It’s been a while since I worked in an office

But one thing I remember well was that hierarchy was fairly obvious from the Furniture At Work. Even in open plan offices bosses and managers tend to have their own office, they are the divas of the workplace.

Every office worker has a chair to match their personality #MYCHAIRSTYLE

The Boss – The Ultimate Diva

Obviously the boss would have the nicest office. Glass table, inspirational artwork, pot plant (usually a yucca) and so on. The stationery would be neatly arranged on their desk, along with a blotting pad (never used). Their chair would be leather and convey power. Think Bond Villain and you are somewhere along the right lines.

The Sales Department Manager – Cool AF (but a bit slippery)

The Sales Manager would have a similar office, not *quite* as nice but it still conveyed power. Usually full of cool AF gadgets and toys with sales figures dotted around.
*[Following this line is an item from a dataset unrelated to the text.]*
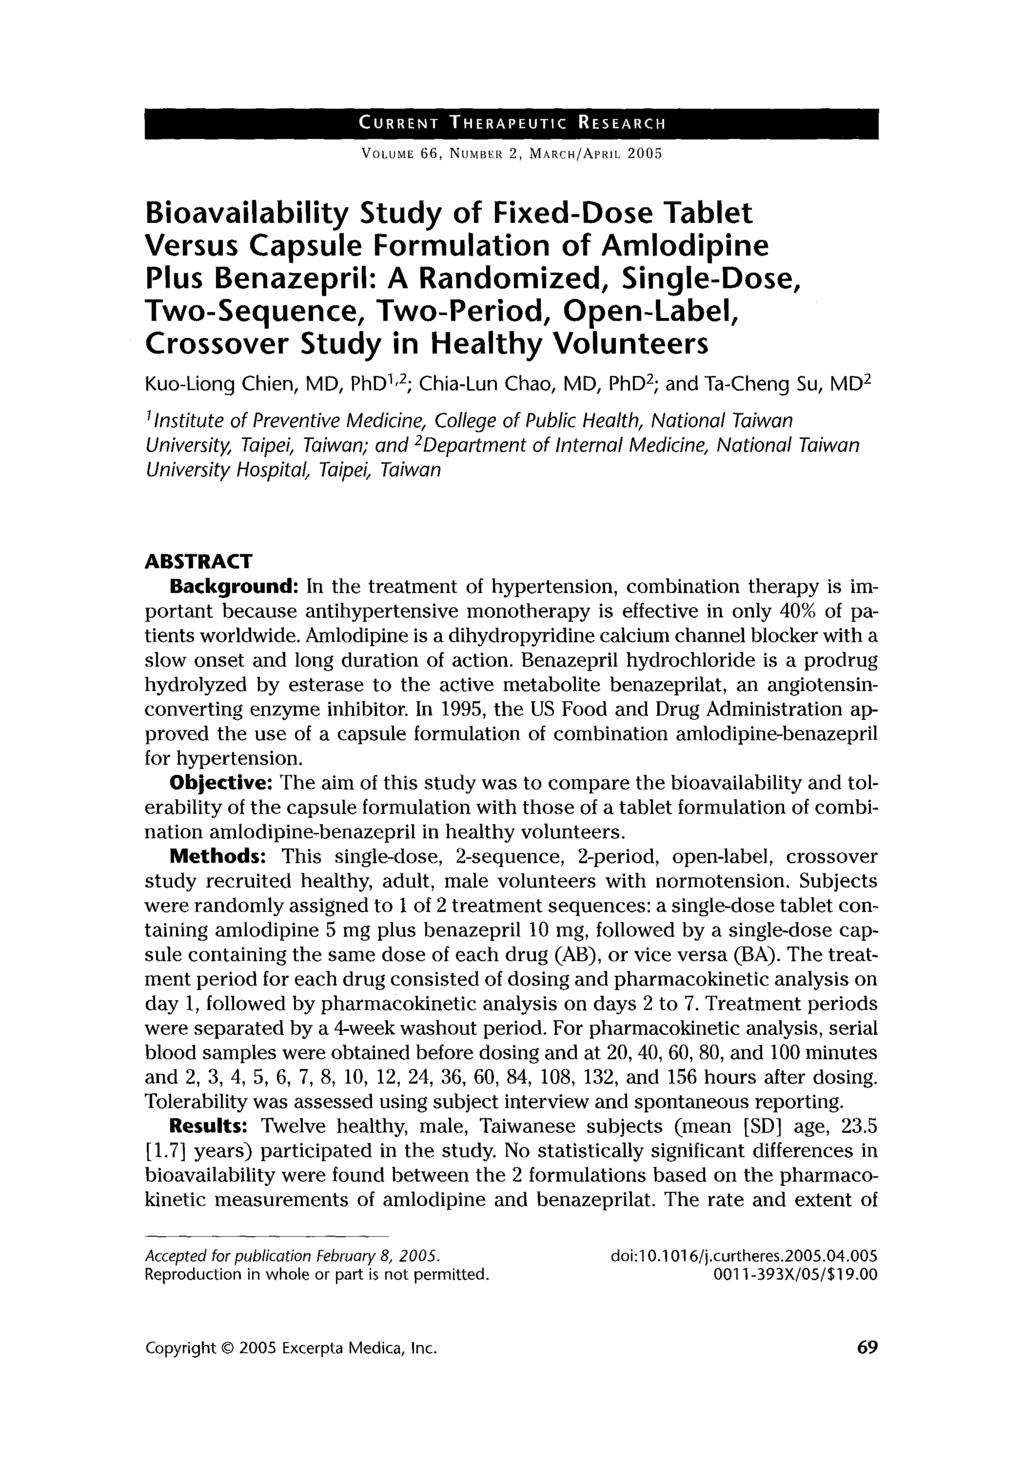 RENT THERAPEUTIC RESEARC~ VOLUME 66, NUMBER 2, MARcH/APRIL 2005 Bioavailability Study of Fixed-Dose Tablet Versus Capsule Formulation of Amlodipine Plus Benazepril: A Randomized, Single-Dose,

No leather here, it would be a cool mesh chair that said “I am one of the gang” – apart from when the sales figures aren’t to their liking.

The Accounts Department Manager – Good with numbers (not so much people)

The accounts department manager usually cares not for cool. They are a practical breed of a frugal nature. They have the bare minimum to enable them to do their work efficiently and in relative comfort. A simple swivel chair will suffice, along with an endless supply of tea. They just want to be left alone to get on with their job.

Department Supervisors – Wannabe Divas

Now, I was one of these so I have to tread carefully… There are different types of supervisors. Ones that clambered their way up, ones that worked their way up and those that ended up there because there was, frankly, no one else to do the job. Guess which one was me (hint I am not a high achiever).

Department Supervisors don’t have their own office. They are in the thick of things ‘supervising’.

Between Department Supervisors there is a friendly rivalry, along with an amount of bitterness about who is getting paid the most and who does the most work. They all have to have the same chair otherwise at least one will get the hump.

Everybody else – Overworked and Underpaid (mostly)

Their desks are either all the same and separated by low dividers where you can just see the top of your colleague’s head only. Or a mis-match of desks that range from 20 years to 2 weeks old. Their computers are all different and the oldest serving worker moans when the new person gets a brand new one.

If the office is more than 5 years old then the chairs will reflect that. They will all have the typical office chair on wheels. The occasional one will be fraying on the seat, a wheel will be wonky but they are still great for races on a Friday afternoon


*This was a collaborative post

2 Comments

  1. In my job, you don’t get an office chair at all until you’ve got promoted to team leader.
    In my case, I’m technically a team leader but my team is me, and whoever I’m working with … so I get half a chair (ie share a desk when the other is away).

    This means I’m not all there I guess.